Suppose that the 10.0 g of NH3 is formed in a bomb calorimeter, and that all of the evolved

heat for the exothermic reaction is completely absorbed by the surrounding 1000 g of water.
Find the change in temperature (ΔT), and the final temperature (TF) of the water if it is initially at 20.0 oC. Show all units.

You would use the formula q=(s)(m)(delta t)

(4.18 j (g x degree Celsius) ) (1000 g) (20.0 Celsius) = 8.36 x10^4
I got this answer do I rearrange the formula to get then Delta temperature q/(s)(m) = delta t ?
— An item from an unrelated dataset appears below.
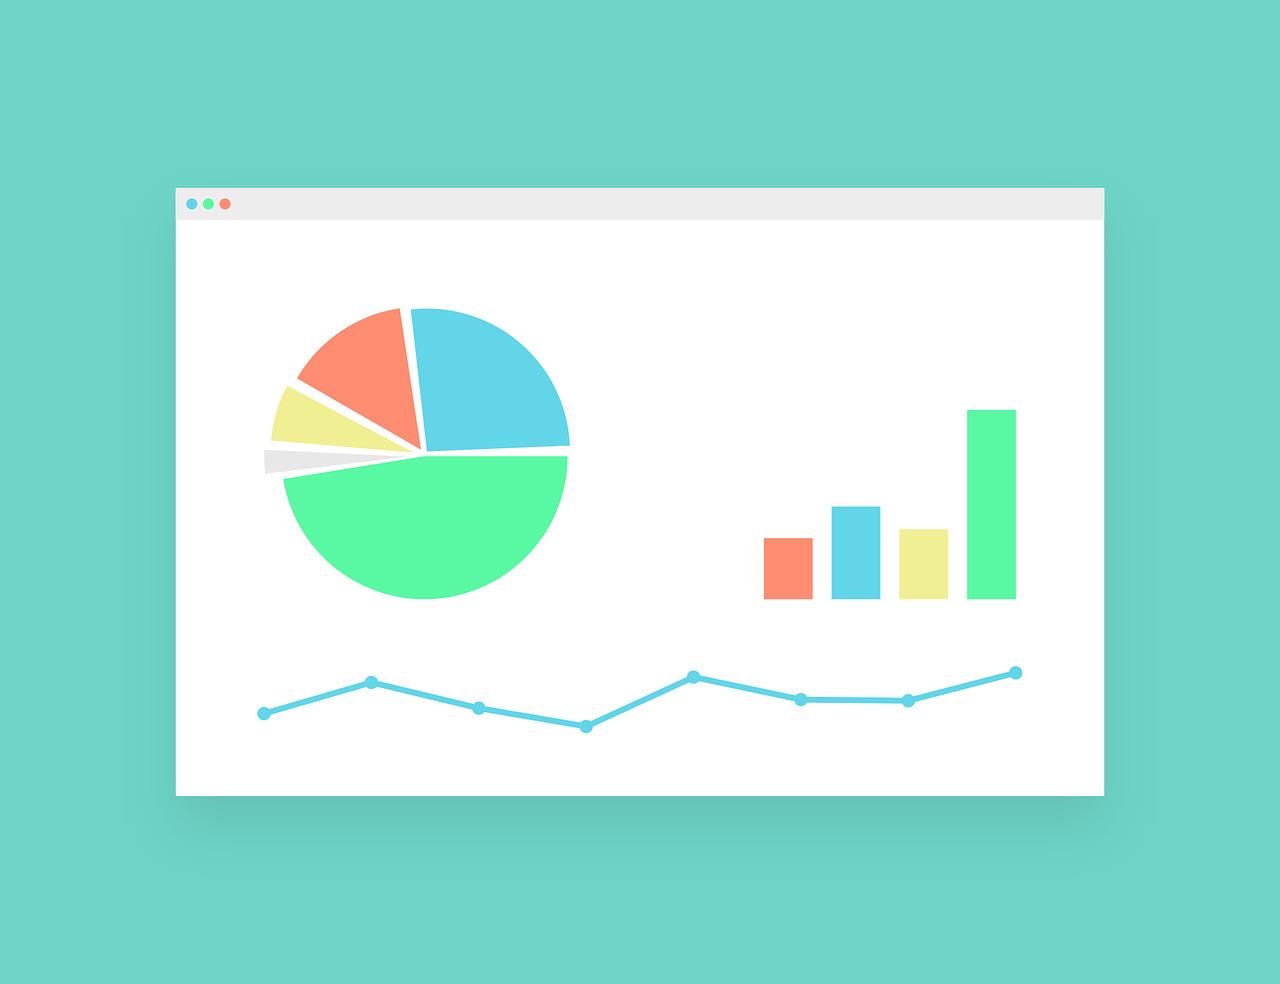 【Excel】関数の教科書【基礎〜上級:17記事で解説】
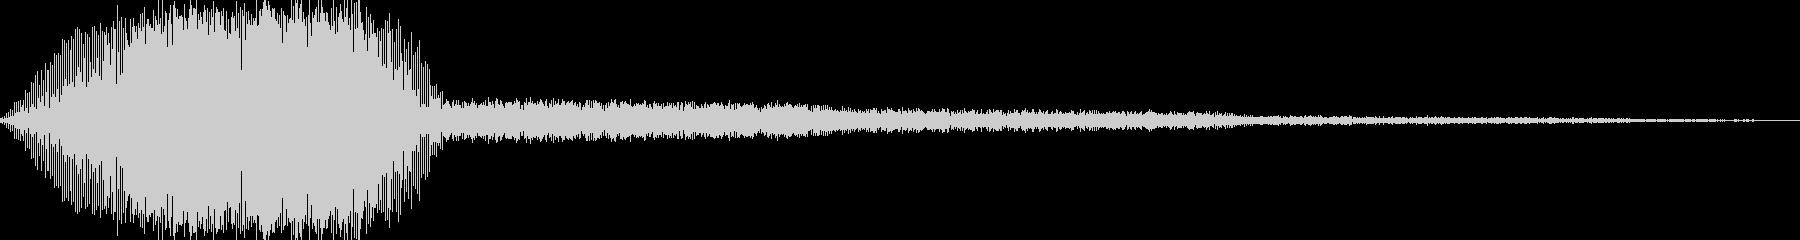 AMGアナログFX 7の未再生の波形

Your answer is hard to follow but I don't think it's right.

q = mass H2O x specific heat H2O x delta T
27,123 kJ = 1 kg x (4.184 kJ/kg*C) x delta T or if you prefer it can be

27,123 J = 1000g x 4.184 J/g*C x delta T.

If you want to do the last part first, which is what it appears you tried to do, it is. I have dT as 6.48 C.
q = mass x sp.h. x (Tf-Ti)
27,123 = 1000g x 4.184 J/g*C x (Tf - 20)
Solve for Tf and I get 26.48 which is too many significant figures but you can always round later.

Yes, you are on the right track! To find the change in temperature (ΔT), you rearrange the equation q = (s)(m)(ΔT) to solve for ΔT.

So, the rearranged equation would be:
ΔT = q / (s)(m)

Using the values given in the problem:
- q is the heat absorbed by the water, which is 8.36 x 10^4 J (Joules)
- s is the specific heat capacity of water, which is 4.18 J/(g°C)
- m is the mass of water, which is 1000 g

Plugging in these values, you have:

ΔT = (8.36 x 10^4 J) / (4.18 J/(g°C) * 1000 g)

Now, you can simplify and solve for ΔT.